• TASK ITEM: Leave out all pictures and retype exactly the lines from the one with "A body (mass" through the last line of the material.
····················
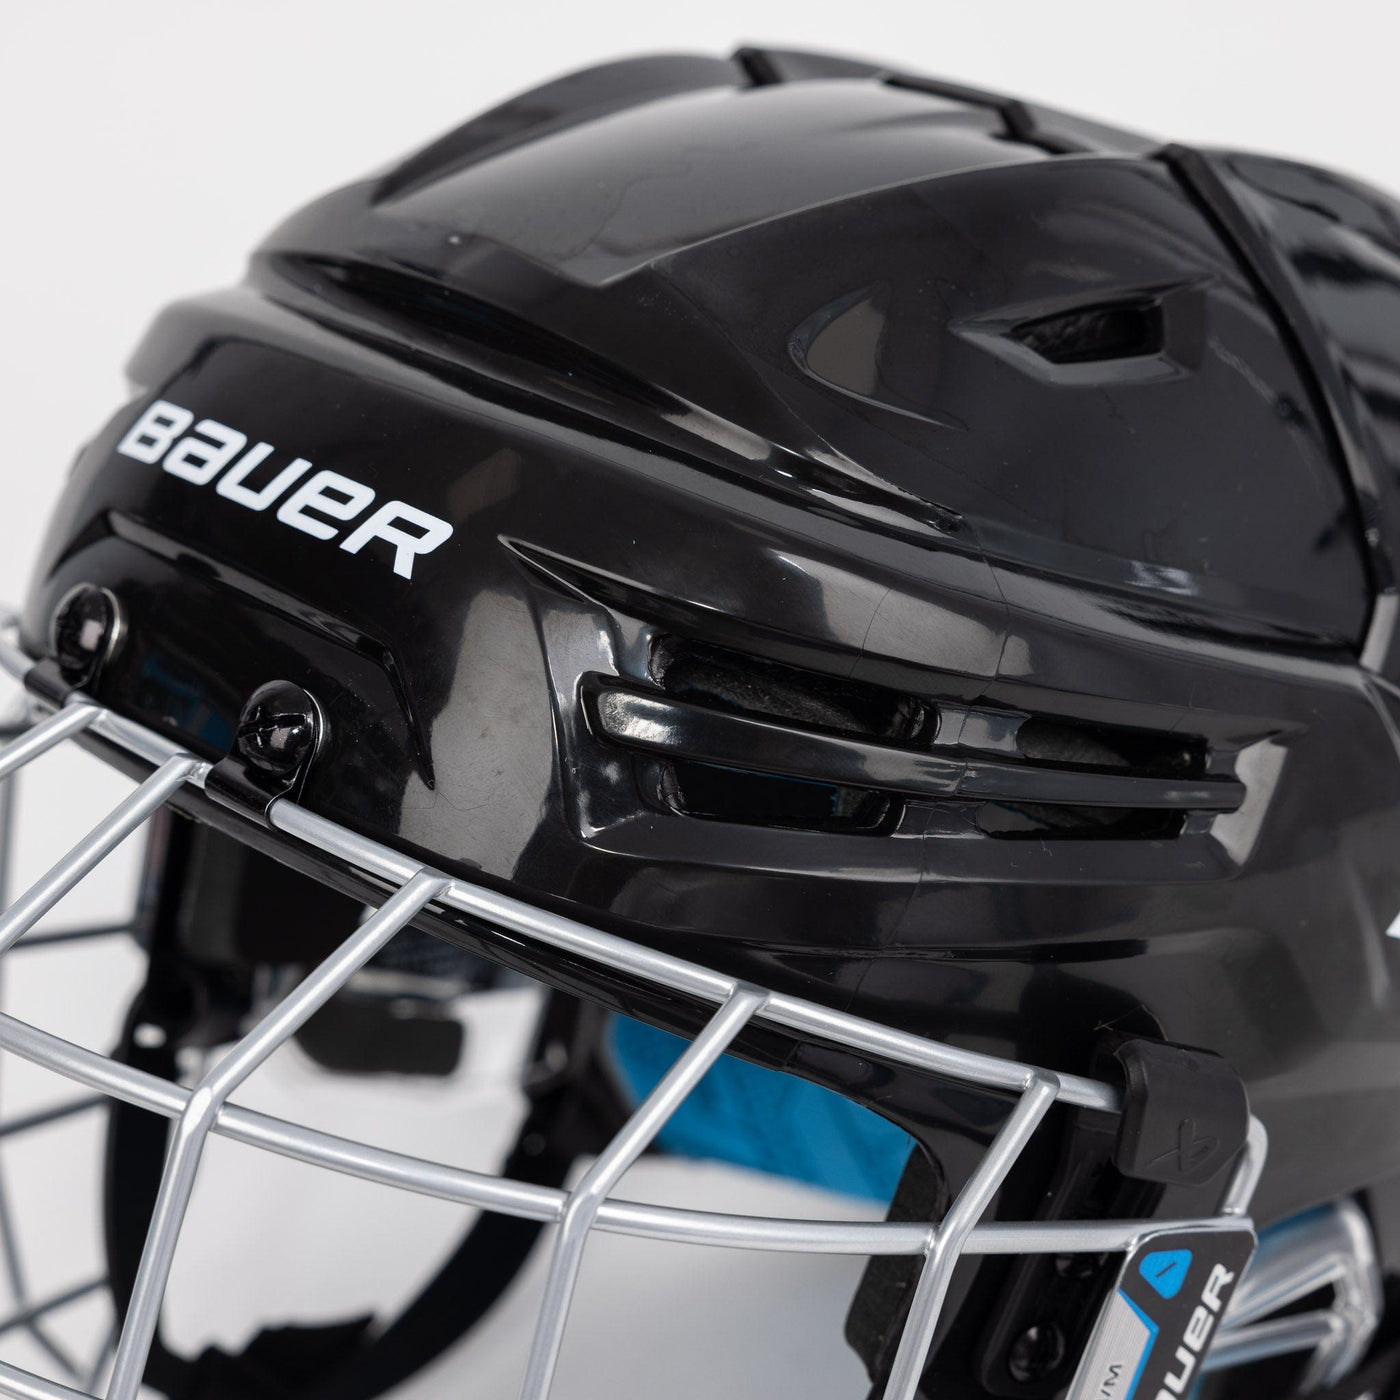 Bauer Re-AKT 65 Hockey Helmet / Cage Combo - The Hockey Shop Source For Sports
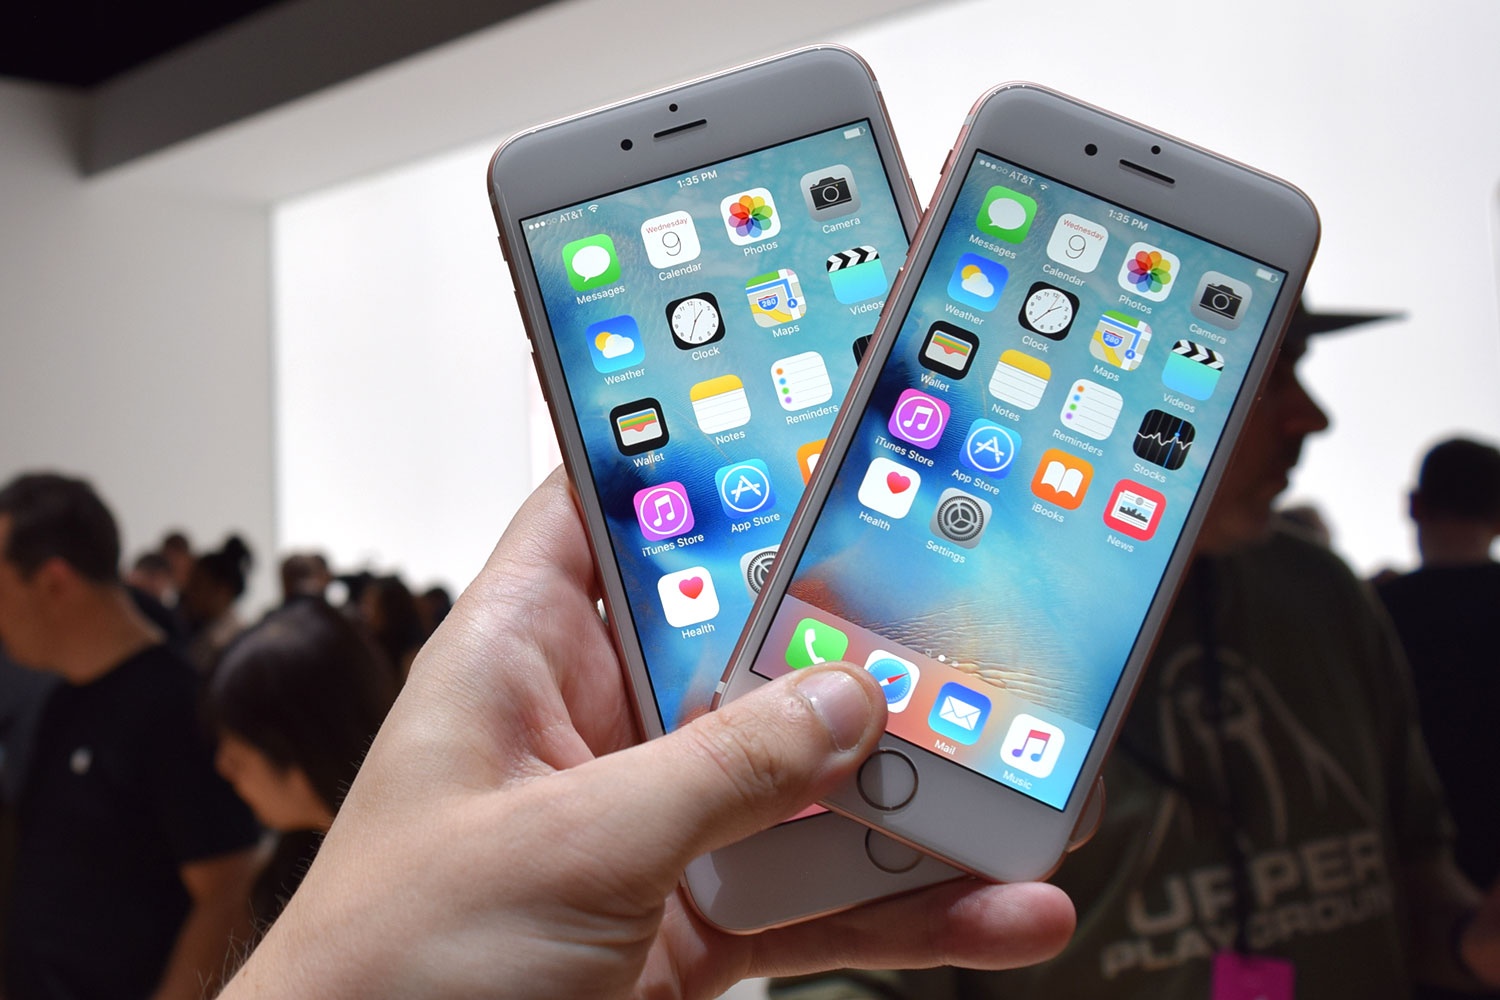 iphone-6s-hands-on-front-angles-1500x1000
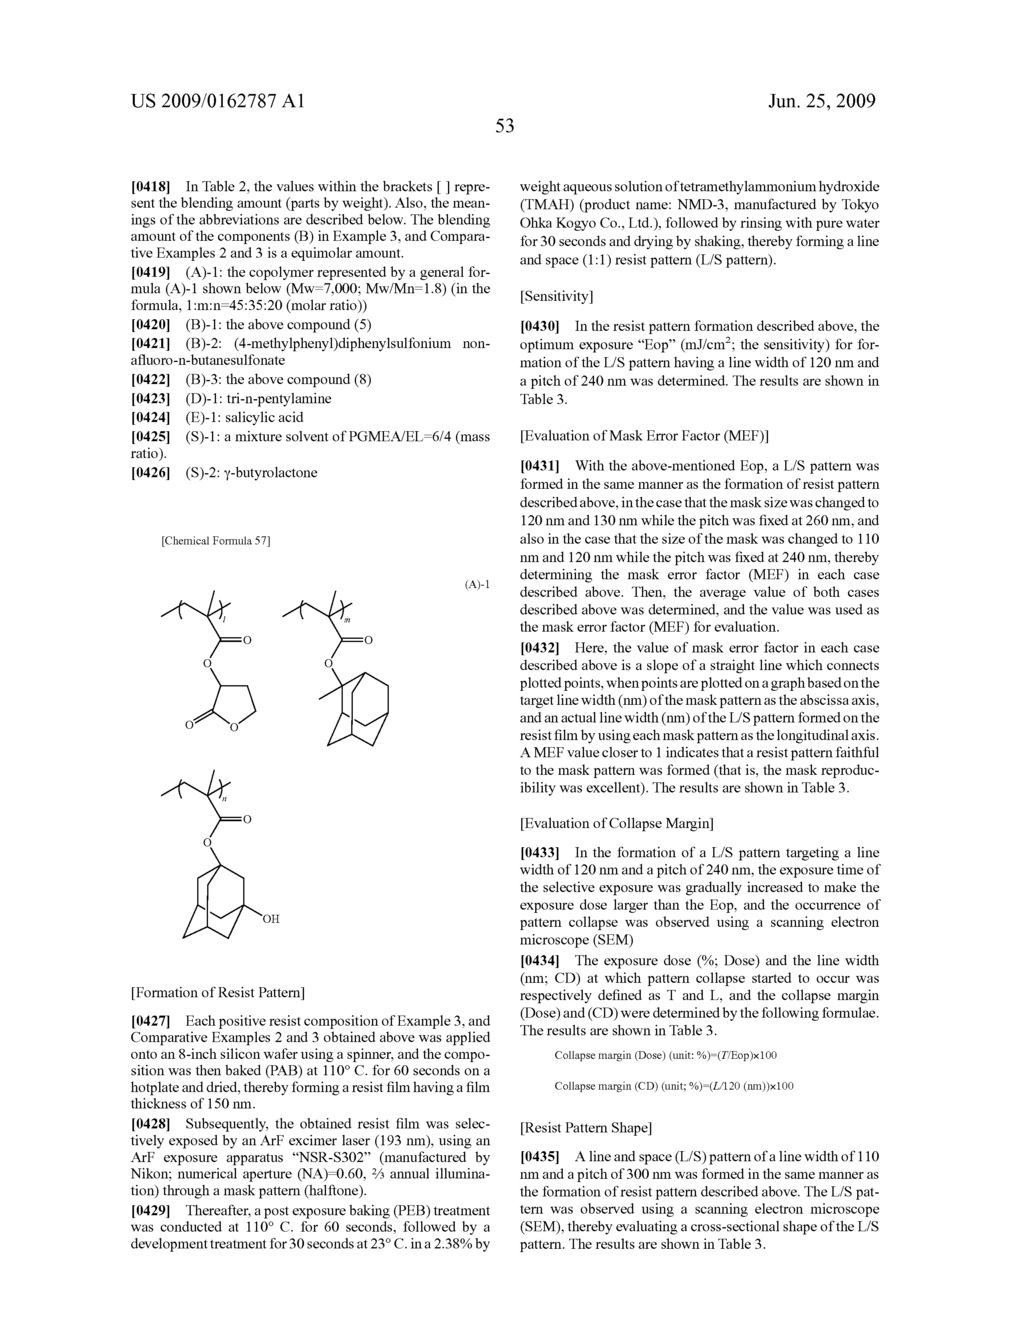 NOVEL COMPOUND, ACID GENERATOR, RESIST COMPOSITION AND METHOD OF FORMING RESIST PATTERN - diagram, schematic, and image 54
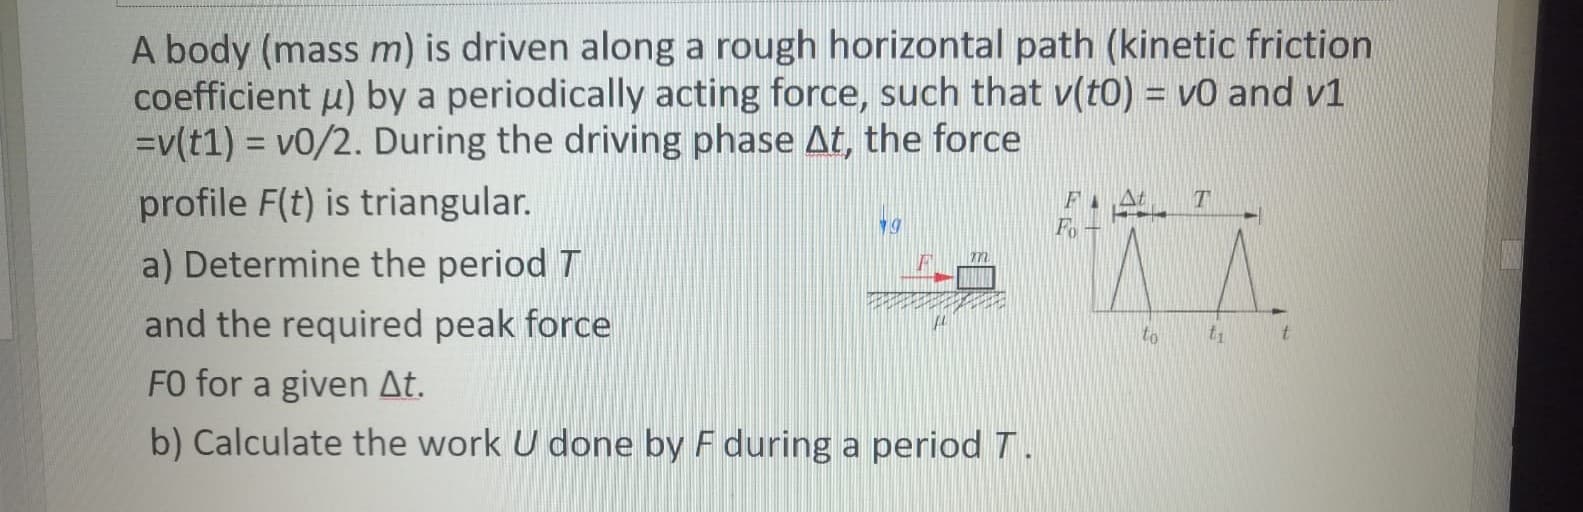 A body (mass m) is driven along a rough horizontal path (kinetic friction
coefficient u) by a periodically acting force, such that v(t0) = v0 and v1
=v(t1) = v0/2. During the driving phase At, the force
profile F(t) is triangular.
a) Determine the period T
and the required peak force
T
Fo
to
t1
FO for a given At.
b) Calculate the work U done by F during a period T.
····················
• SOLUTION TO THIS EXERCISE:
 A body (mass m) is driven along a rough horizontal path (kinetic friction
coefficient u) by a periodically acting force, such that v(t0) = v0 and v1
=v(t1) = v0/2. During the driving phase At, the force
profile F(t) is triangular.
a) Determine the period T
and the required peak force
T
Fo
to
t1
FO for a given At.
b) Calculate the work U done by F during a period T.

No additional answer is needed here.